I would open up an EQ with an frequency analyzer or download Blue Cat Audio - FreqAnalyst2 (free). This will let you get a decent image of the frequency balance, as it plays an important part in clarity and will keep you from overdoing any EQ adjustments.

Good luck and keep inspired!


----------



## Hannes_F (Jun 30, 2013)

Arvianth @ Sun Jun 30 said:


> I understand, just wanted to finish that piece before the inspiration runs out ._.



That is a good plan. Snippets and sound studies are well and good but finishing a piece is essential 

All the best, Hannes


----------



## Arvianth (Jul 14, 2013)

Ok, another try from scratch :3 Legato scripts didn't work in LASS auto-arranger multis for some reason oO I also threw out Adagio for now, can't get them behave properly.

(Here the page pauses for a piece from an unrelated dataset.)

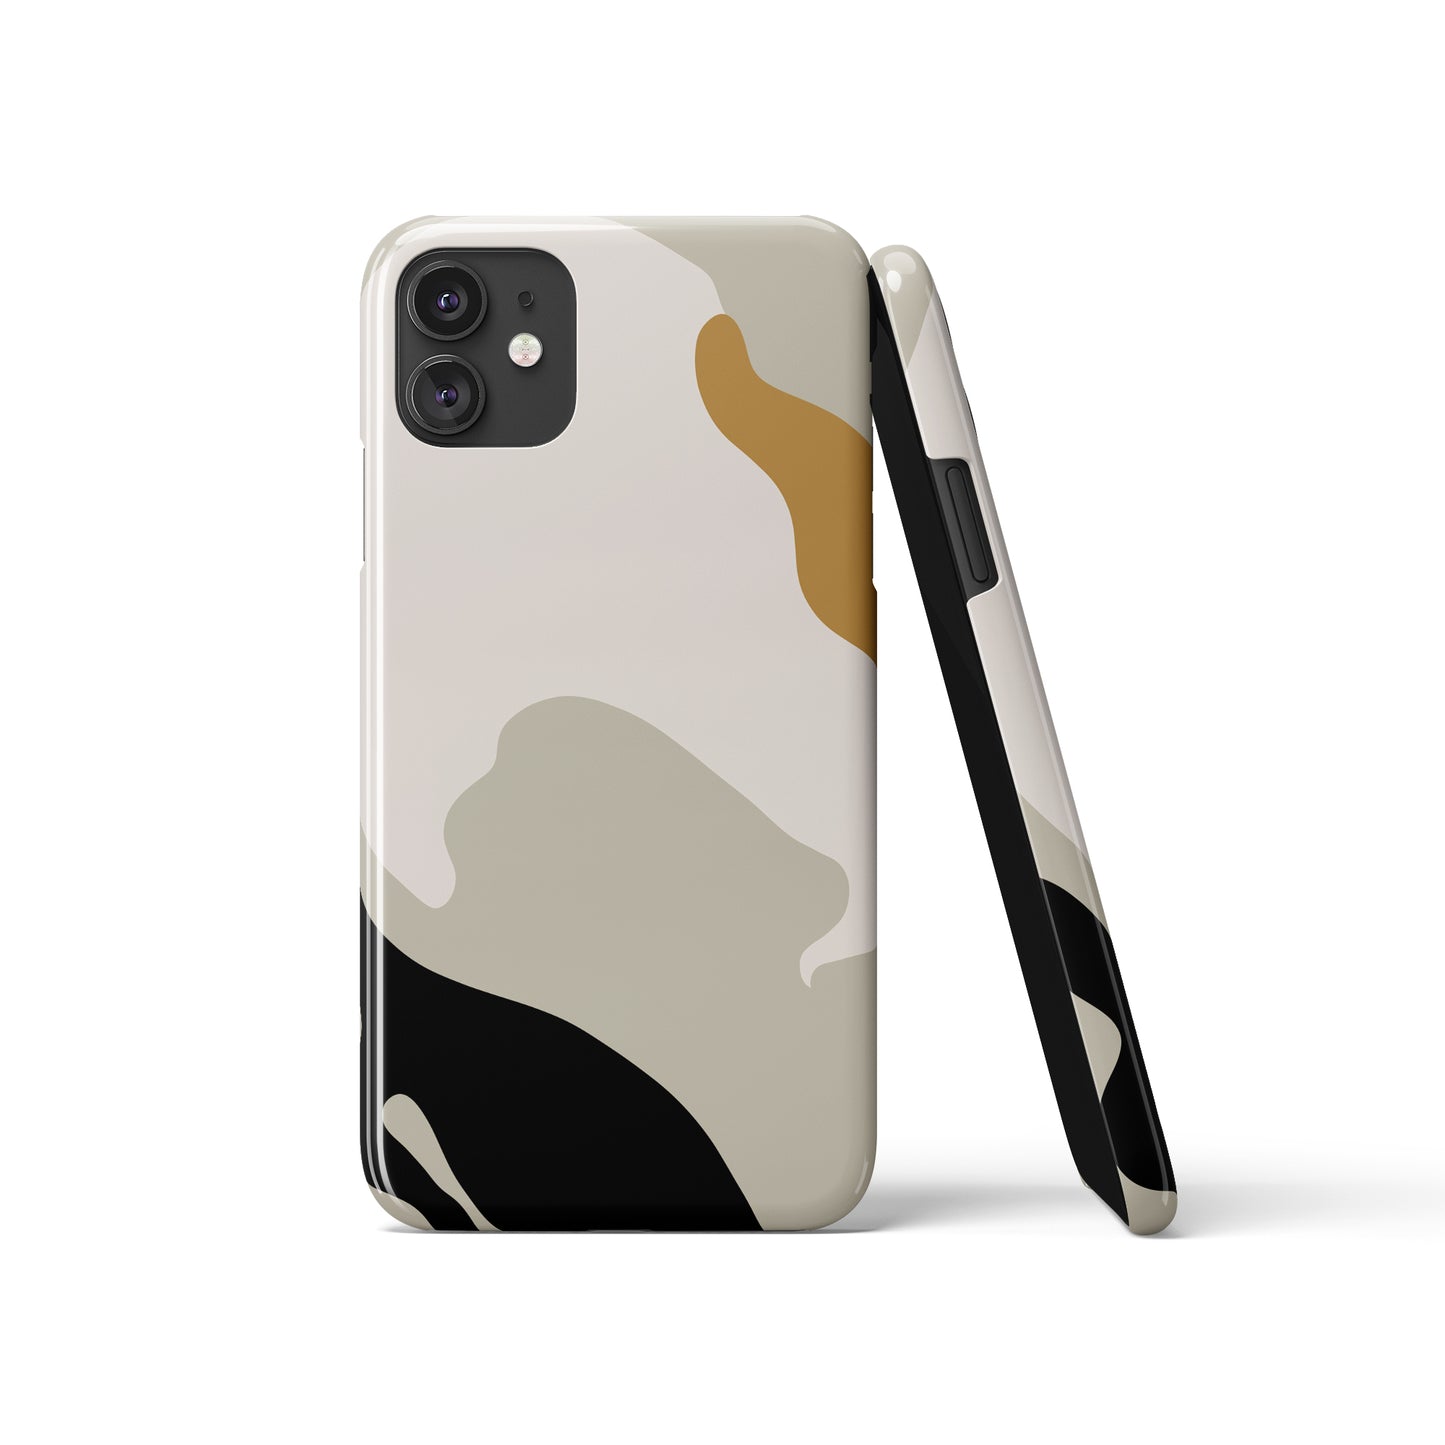 Earth Colors iPhone Case 5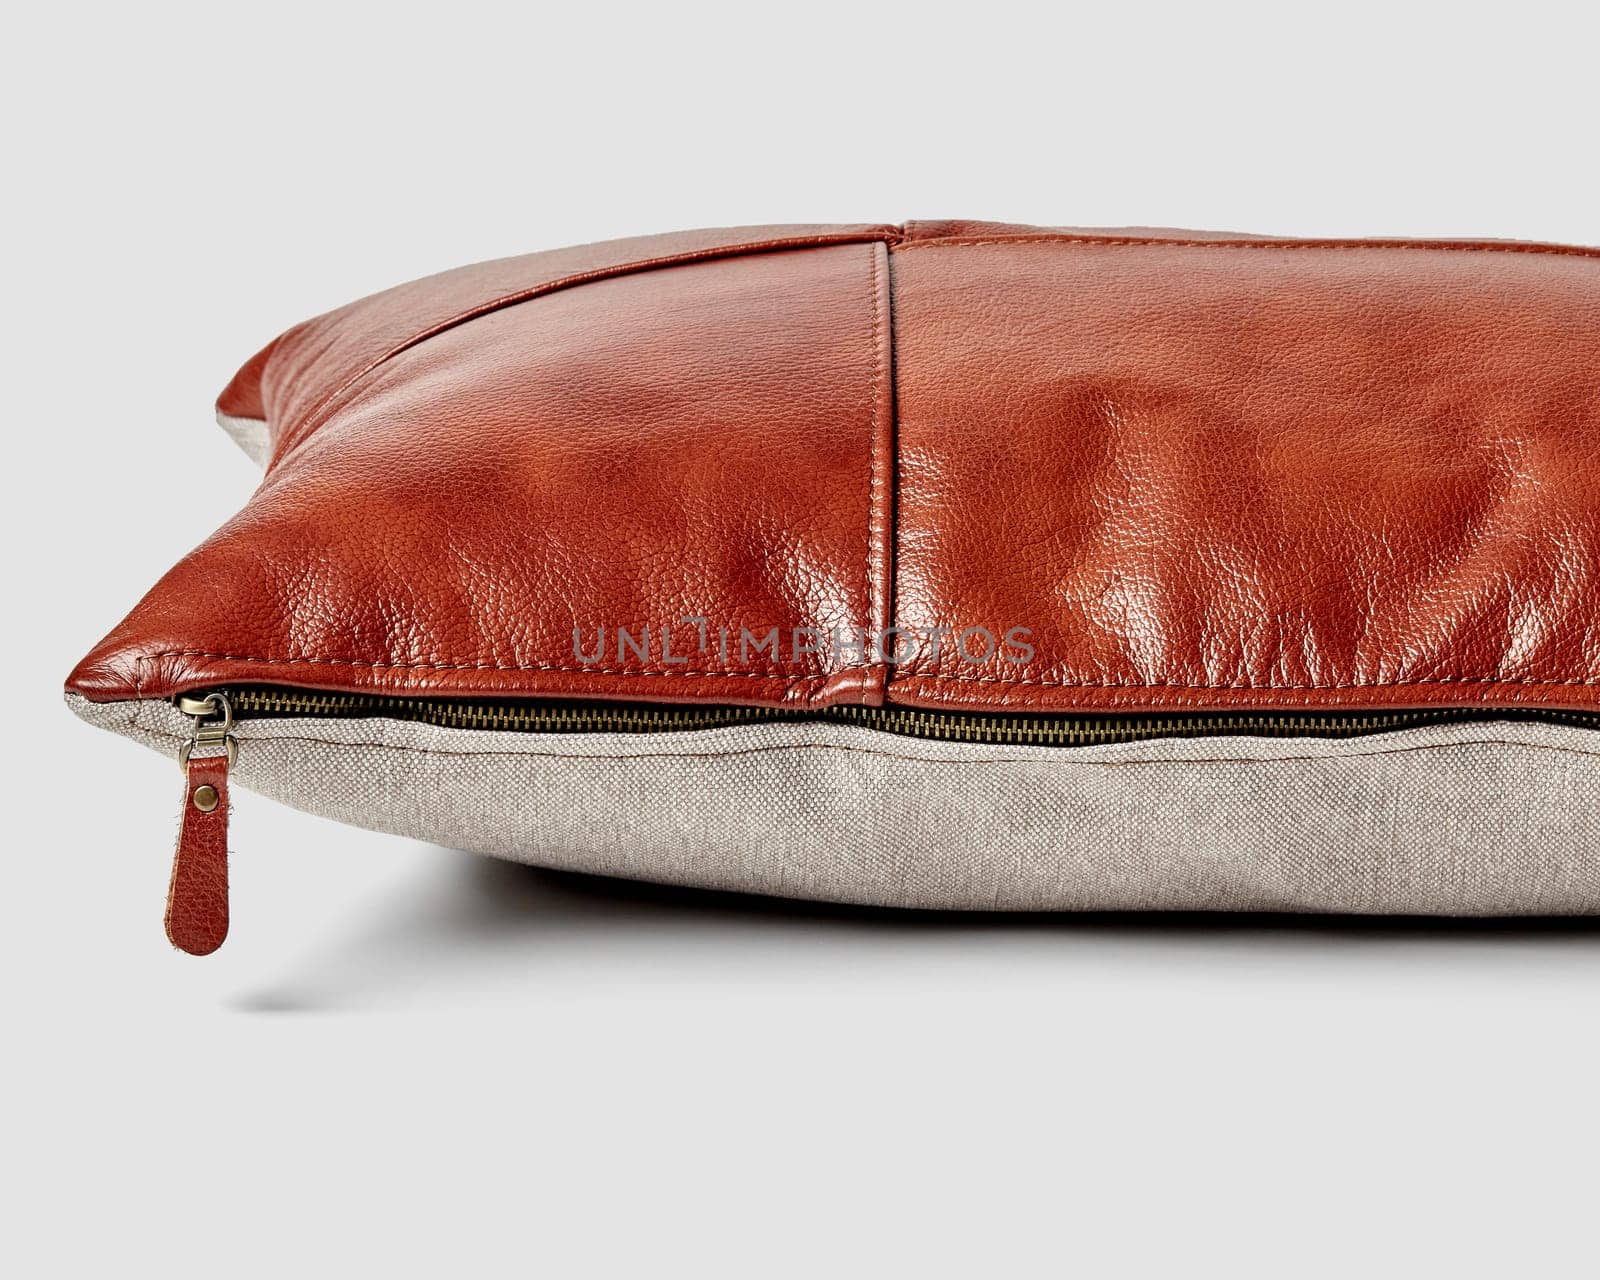 Stylish sofa pillow with hand-stitched brown leather squares on front, grey linen back and side zipper on white background. Concept of comfort and quality of handcrafted product

https://soundcloud.com/arvianth/a-treas ... sired-v3-1

https://dl.dropboxusercontent.com/u/130453999/A%20Treasure%20Most%20Desired%20V3-16.cpr (https://dl.dropboxusercontent.com/u/130 ... 0V3-16.cpr)


----------



## Arvianth (Jul 20, 2013)

https://soundcloud.com/arvianth/a-treas ... ired-final
That's how it ends up, i suppose. Thanks everyone for help ^_^ There's still a lot to learn.


----------